I modified my old pup tent to fit in the bed of my k10 over the roll bar. Its not completely done but its pretty good for now. It fits nicely in my bed box and I can carry it around all the time. I actually made it for after prom. My buddies and our ladies are gonna do some 4 wheeling out to a place in the woods and camp there. While everyone else is on the ground me and my date will be high and dry. There are a couple gaps in the pictures but I need to tighten everything up and make a couple cuts.


----------



## 8thDayStranger (Jan 30, 2013)

Make sure your captain wears a hat or you'll need to find a way to fit a crib in there! Lol


----------



## Grimm (Sep 5, 2012)

8thDayStranger said:


> Make sure your captain wears a hat or you'll need to find a way to fit a crib in there! Lol


LOL! I never got to go to my prom. My dad was uber over protective! I did get to go to my BFF's little brother's prom as his date a few years later. I took him to the Rocky Horror Picture Show after wards. He lost his "virginity" for sure that night!


----------



## d_saum (Jan 17, 2012)

8thDayStranger said:


> Make sure your captain wears a hat or you'll need to find a way to fit a crib in there! Lol


stupid hats... I know they are "necessary" but man.. talk about a mood killer..

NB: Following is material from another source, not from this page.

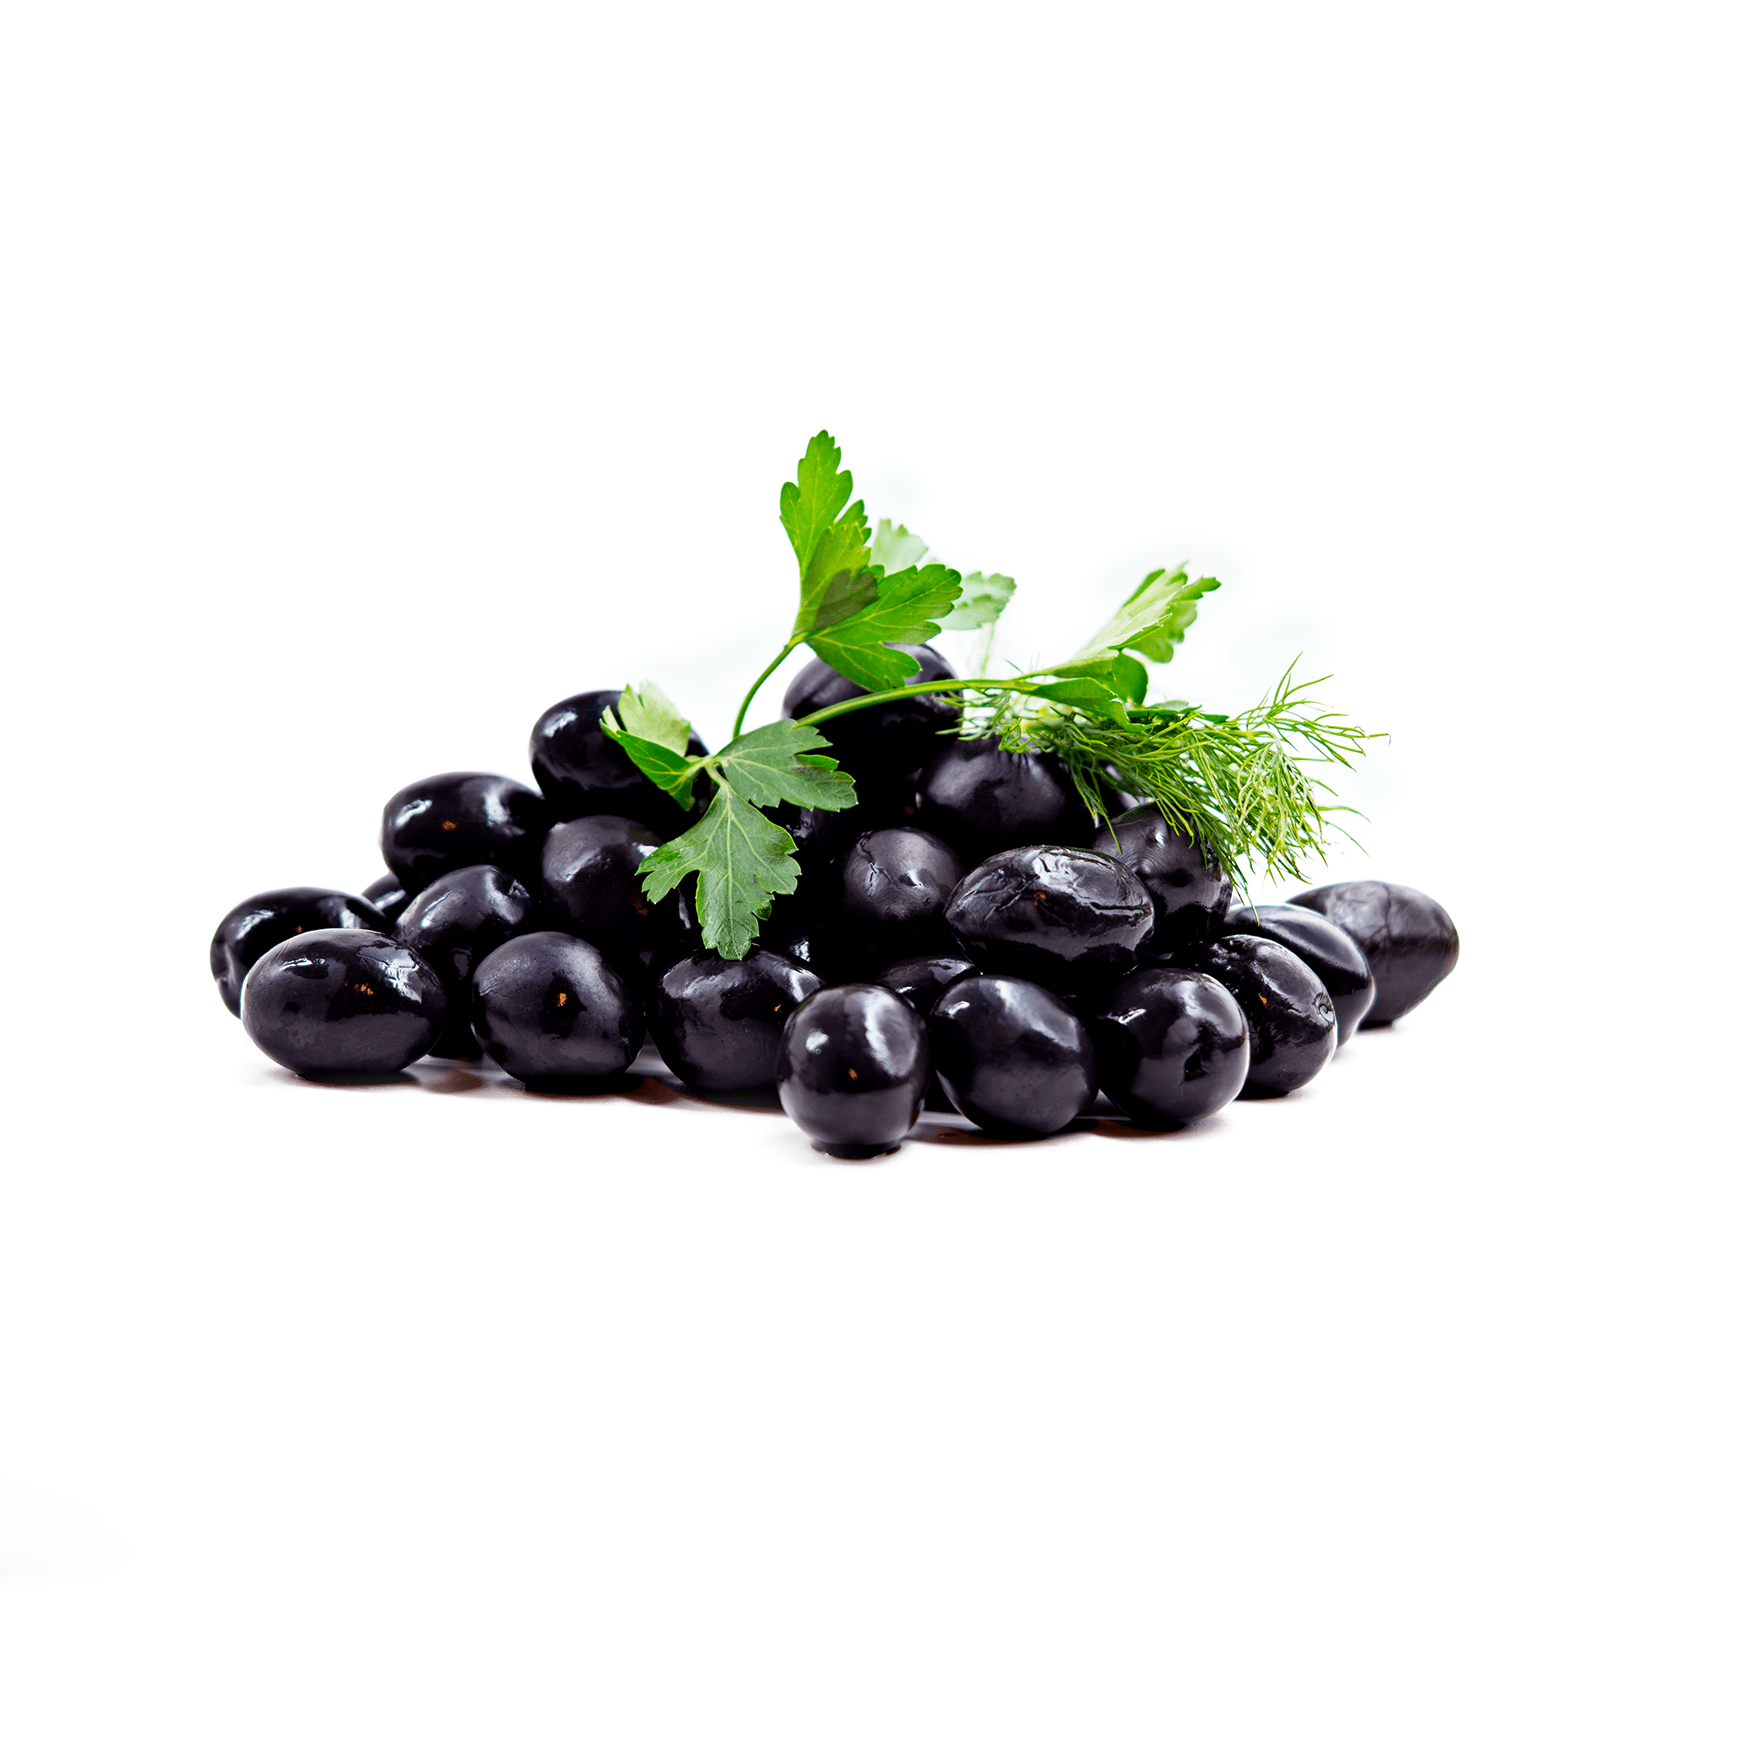 Whole Black Olives

Anyway.. moving on.. I used to have a Nissan Pickup with cap on the back. some of you might call it a topper or something. Best camping/date night thing ever! :beercheer: Well.. besides an actual camper. But.. ya know..

Get that thing tweaked and close the gaps, and you should be good to go. Getting up off the ground is a huge bonus! Just hope you don't have squeaky shocks/leaf springs!


----------



## d_saum (Jan 17, 2012)

Grimm said:


> LOL! I never got to go to my prom. My dad was uber over protective! I did get to go to my BFF's little brother's prom as his date a few years later. I took him to the Rocky Horror Picture Show after wards. He lost his "virginity" for sure that night!


LOL... I'm not sure if you are just out right saying what happened, or putting quotes around his loss of "Virginity" because he saw Rocky Horror Picture Show?   :2thumb:


----------



## Grimm (Sep 5, 2012)

d_saum said:


> LOL... I'm not sure if you are just out right saying what happened, or putting quotes around his loss of "Virginity" because he saw Rocky Horror Picture Show?   :2thumb:


He was a Rocky "virgin"


----------



## d_saum (Jan 17, 2012)

Grimm said:


> He was a Rocky "virgin"


LOL.. thanks for clarifying!  I loved Rocky Horror Picture Show in the theaters where they do all the crazy stuff, but cannot bare to watch it if it's on TV. It's just not the same!


----------



## PipLogan (Apr 25, 2011)

I like we're this is going lol


----------



## sailaway (Mar 12, 2009)

8thDayStranger said:


> Make sure your captain wears a hat or you'll need to find a way to fit a crib in there! Lol


Yep, us flat bedders tarp our loads


----------



## Grimm (Sep 5, 2012)

d_saum said:


> LOL.. thanks for clarifying!  I loved Rocky Horror Picture Show in the theaters where they do all the crazy stuff, but cannot bare to watch it if it's on TV. It's just not the same!


Yup. I actually am on one of the tribute documentaries. Its called "A Regular Frankie Fan". I had just gotten my nipples pierced the day they were filming it so I flashed the camera crew.


----------



## k0xxx (Oct 27, 2011)

k10macosta said:


> I modified my old pup tent to fit in the bed of my k10 over the roll bar. Its not completely done but its pretty good for now. It fits nicely in my bed box and I can carry it around all the time. I actually made it for after prom. My buddies and our ladies are gonna do some 4 wheeling out to a place in the woods and camp there. While everyone else is on the ground me and my date will be high and dry. There are a couple gaps in the pictures but I need to tighten everything up and make a couple cuts.


It makes a nice difference to get off of the ground. Just be sure to park on a slight incline (rear end low) if there is any chance for rain. You don't want the water running toward the cab. lol


----------